[Dataset excerpt]:
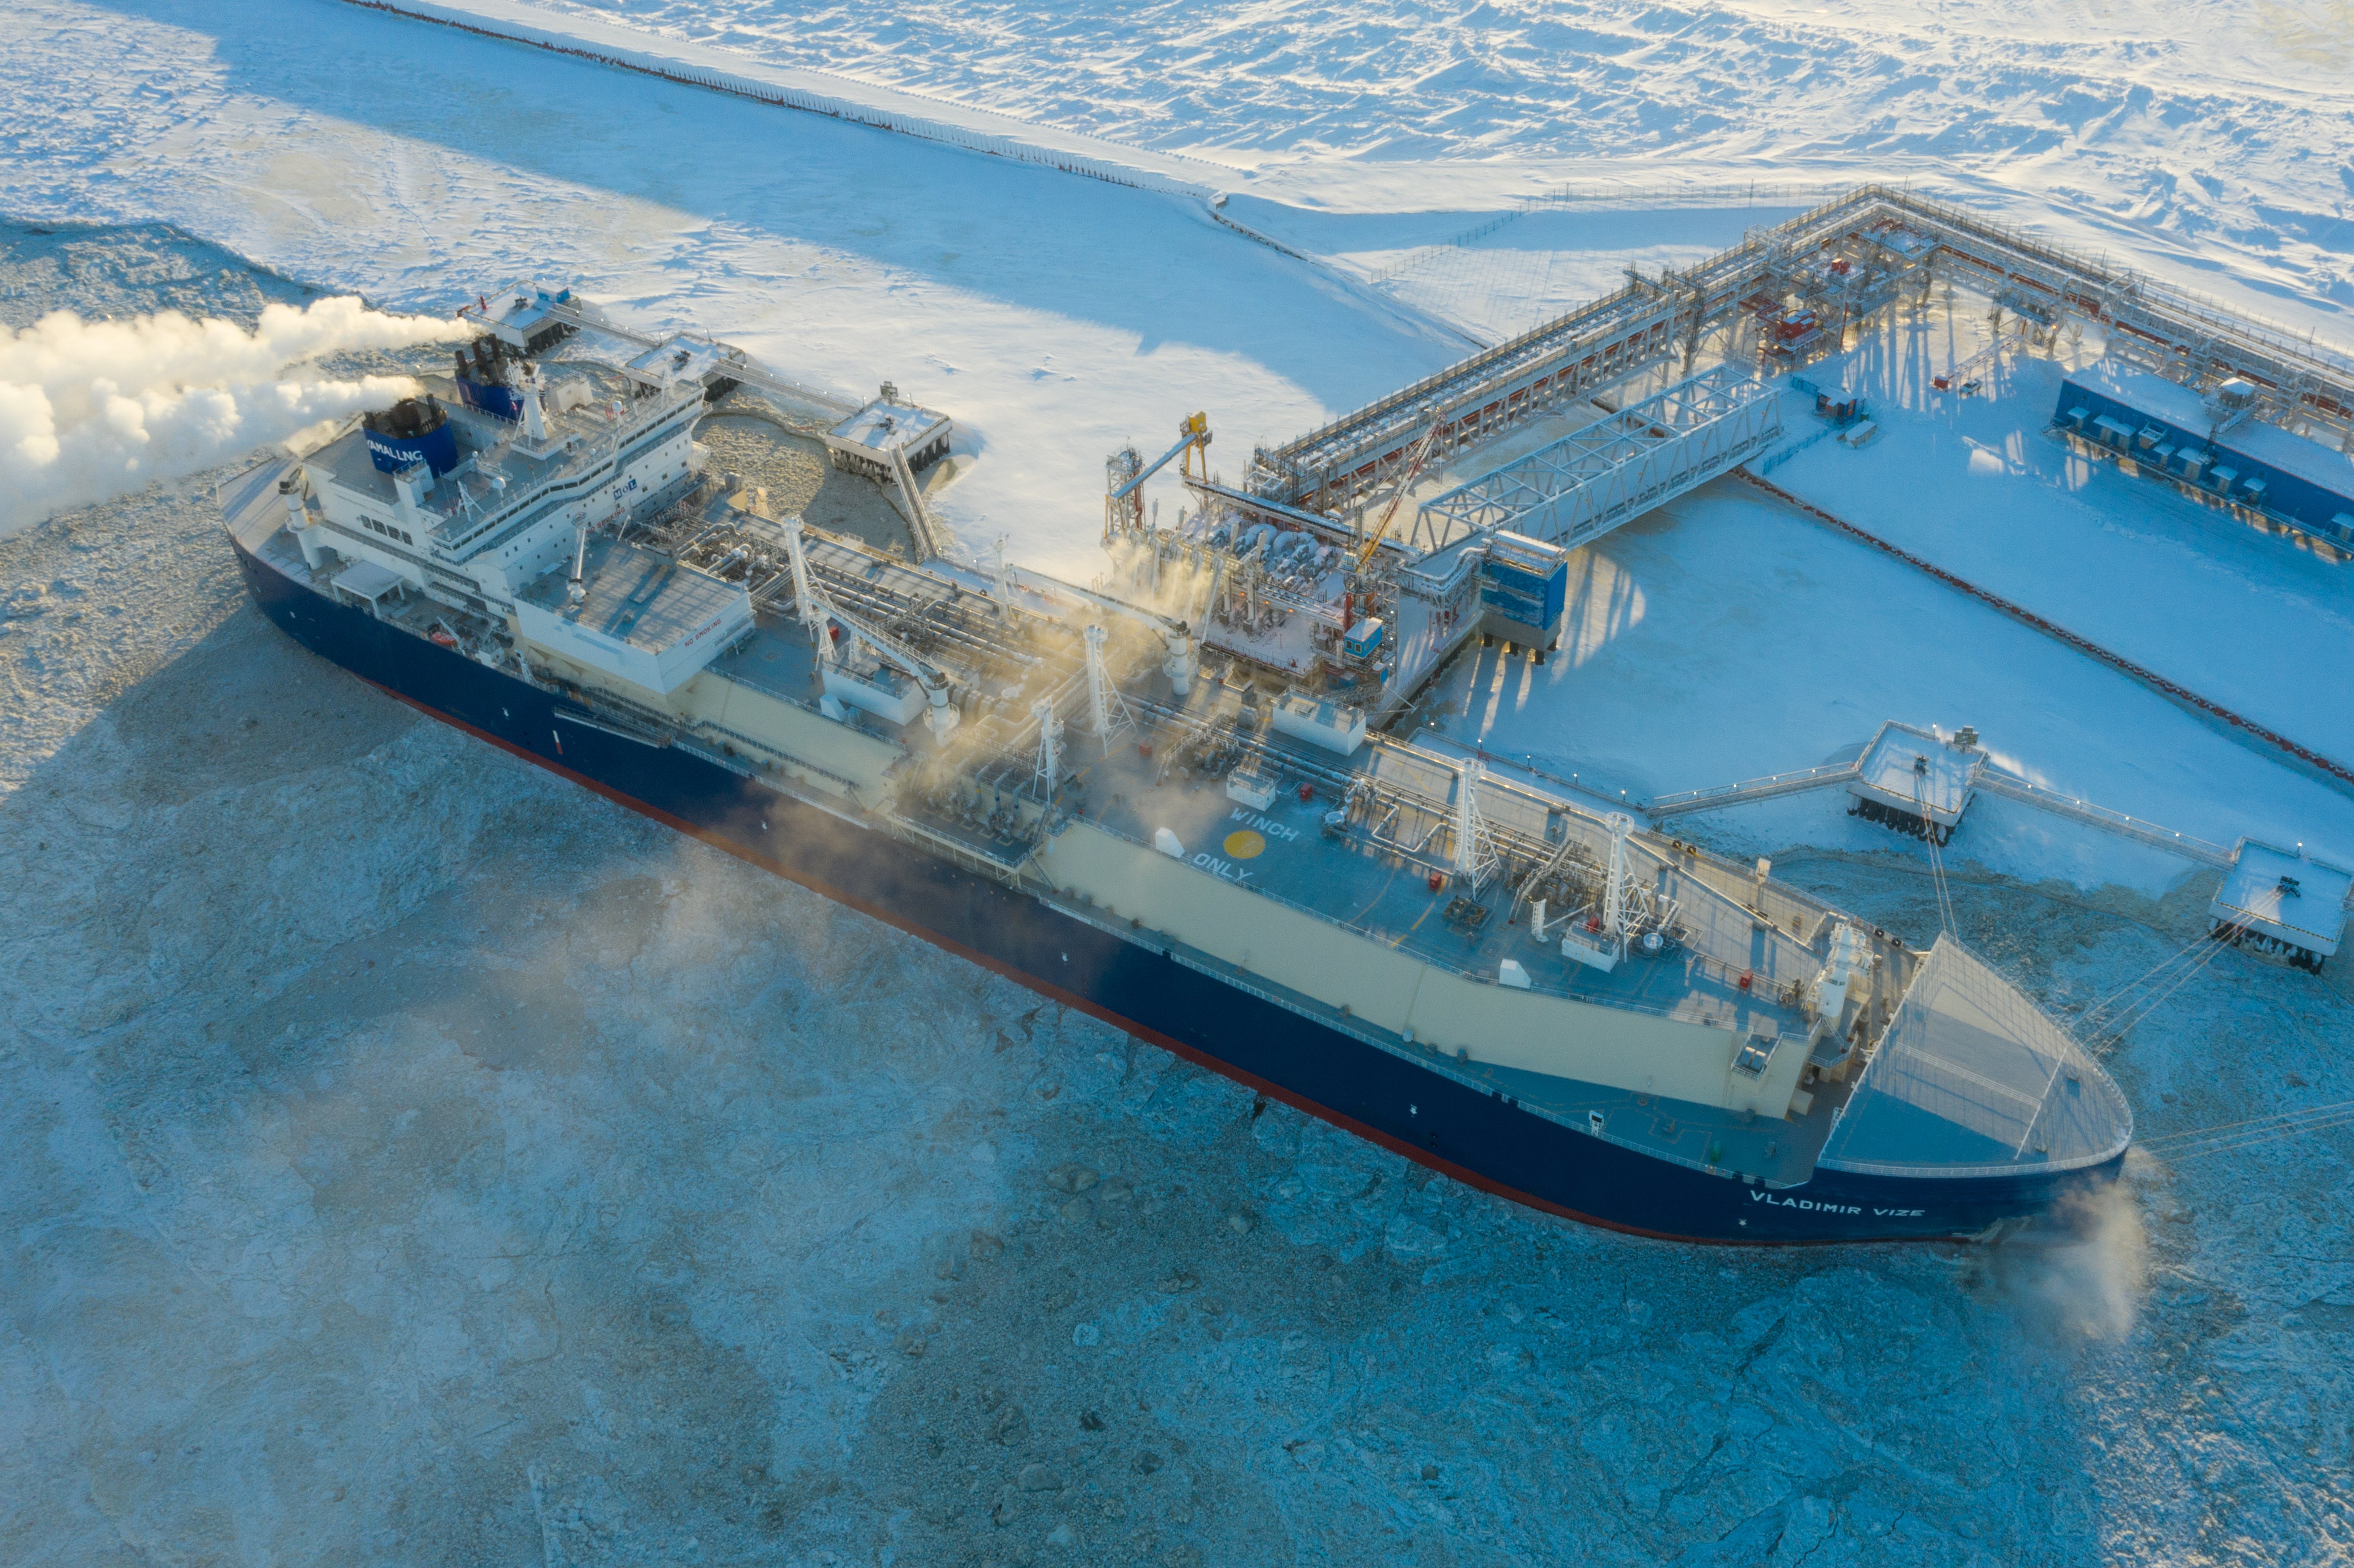 The Vladimir Vize gas carrier is loaded with liquefied natural gas in Sabetta
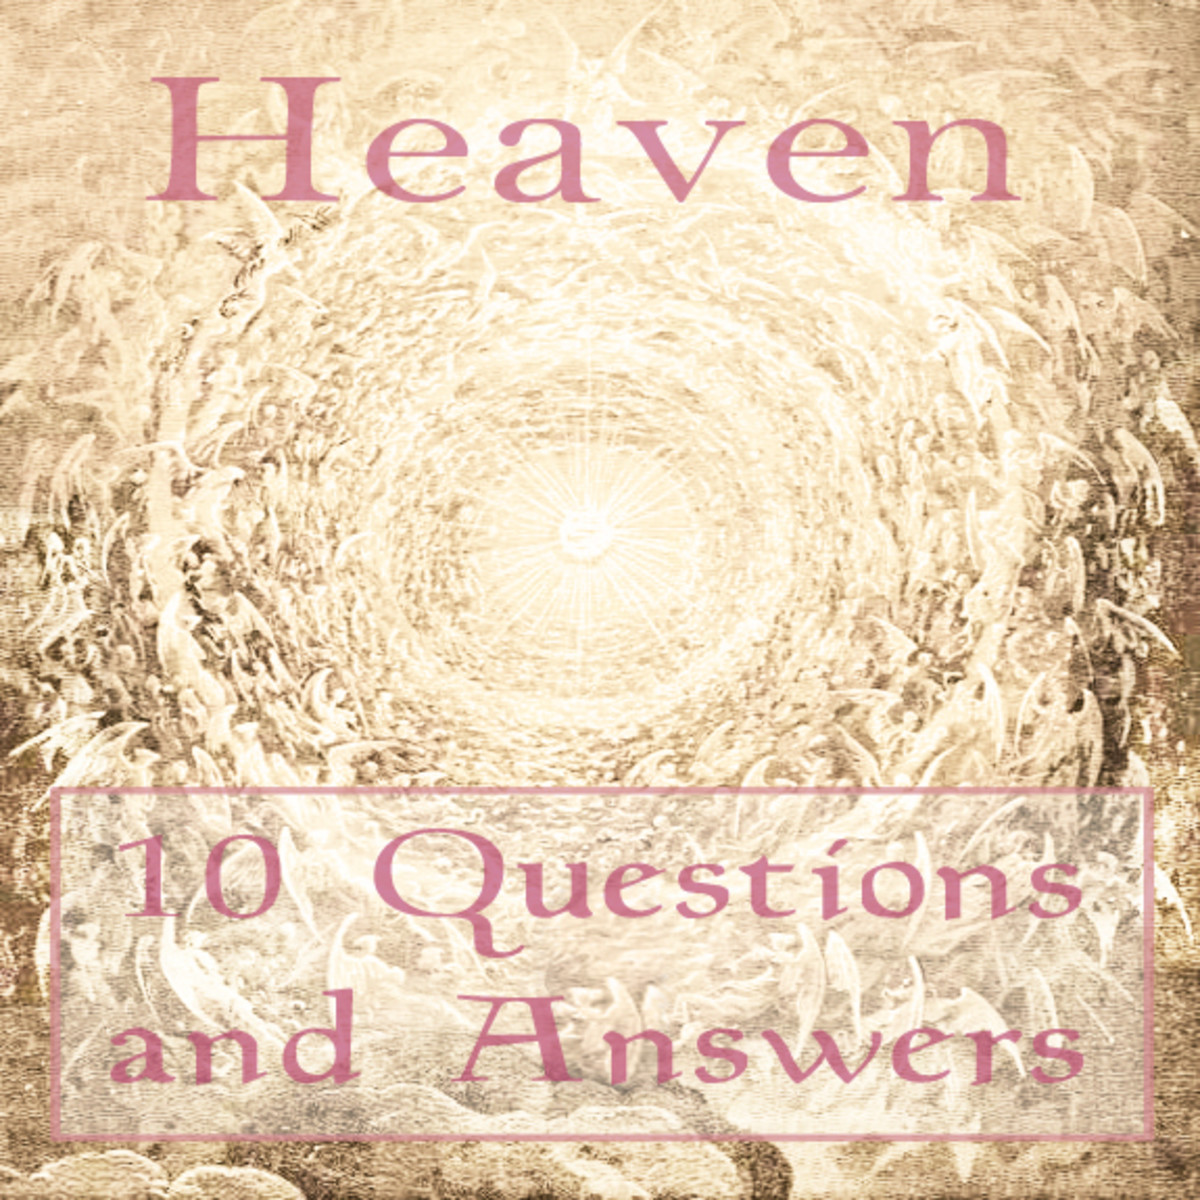 Read on to discover helpful answers to common questions about heaven.
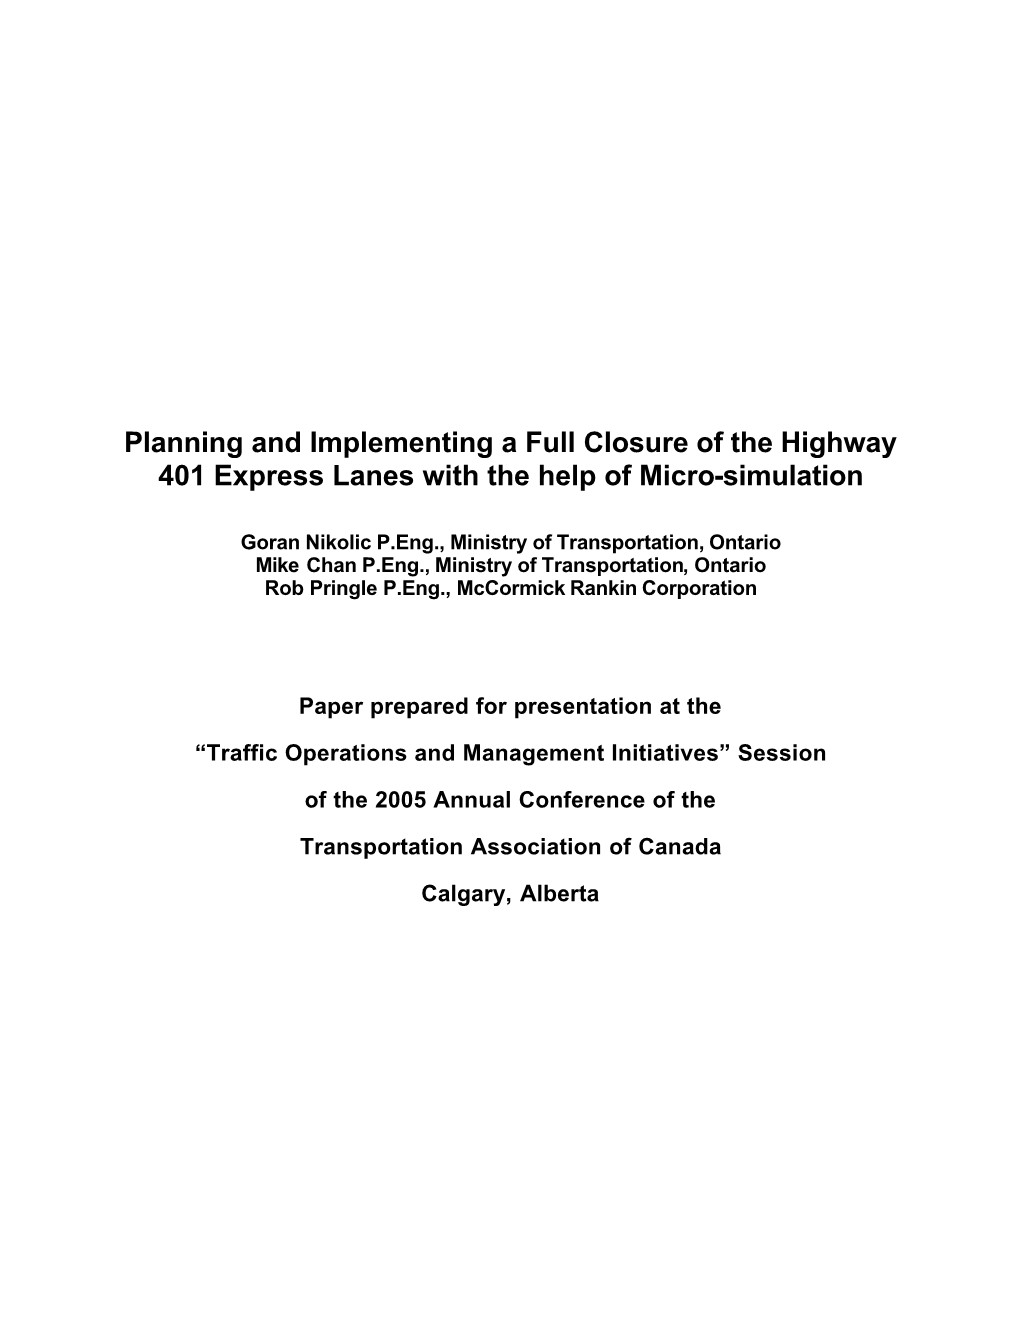 Planning and Implementing a Full Closure of the Highway 401 Express Lanes with the Help of Micro-Simulation

[Description of the task]: Once the pictures are set aside, please output all the data word for word.

[Answer space]:
 The Vladimir Vize gas carrier is loaded with liquefied natural gas in Sabetta
 Read on to discover helpful answers to common questions about heaven.
 Planning and Implementing a Full Closure of the Highway 401 Express Lanes with the Help of Micro-Simulation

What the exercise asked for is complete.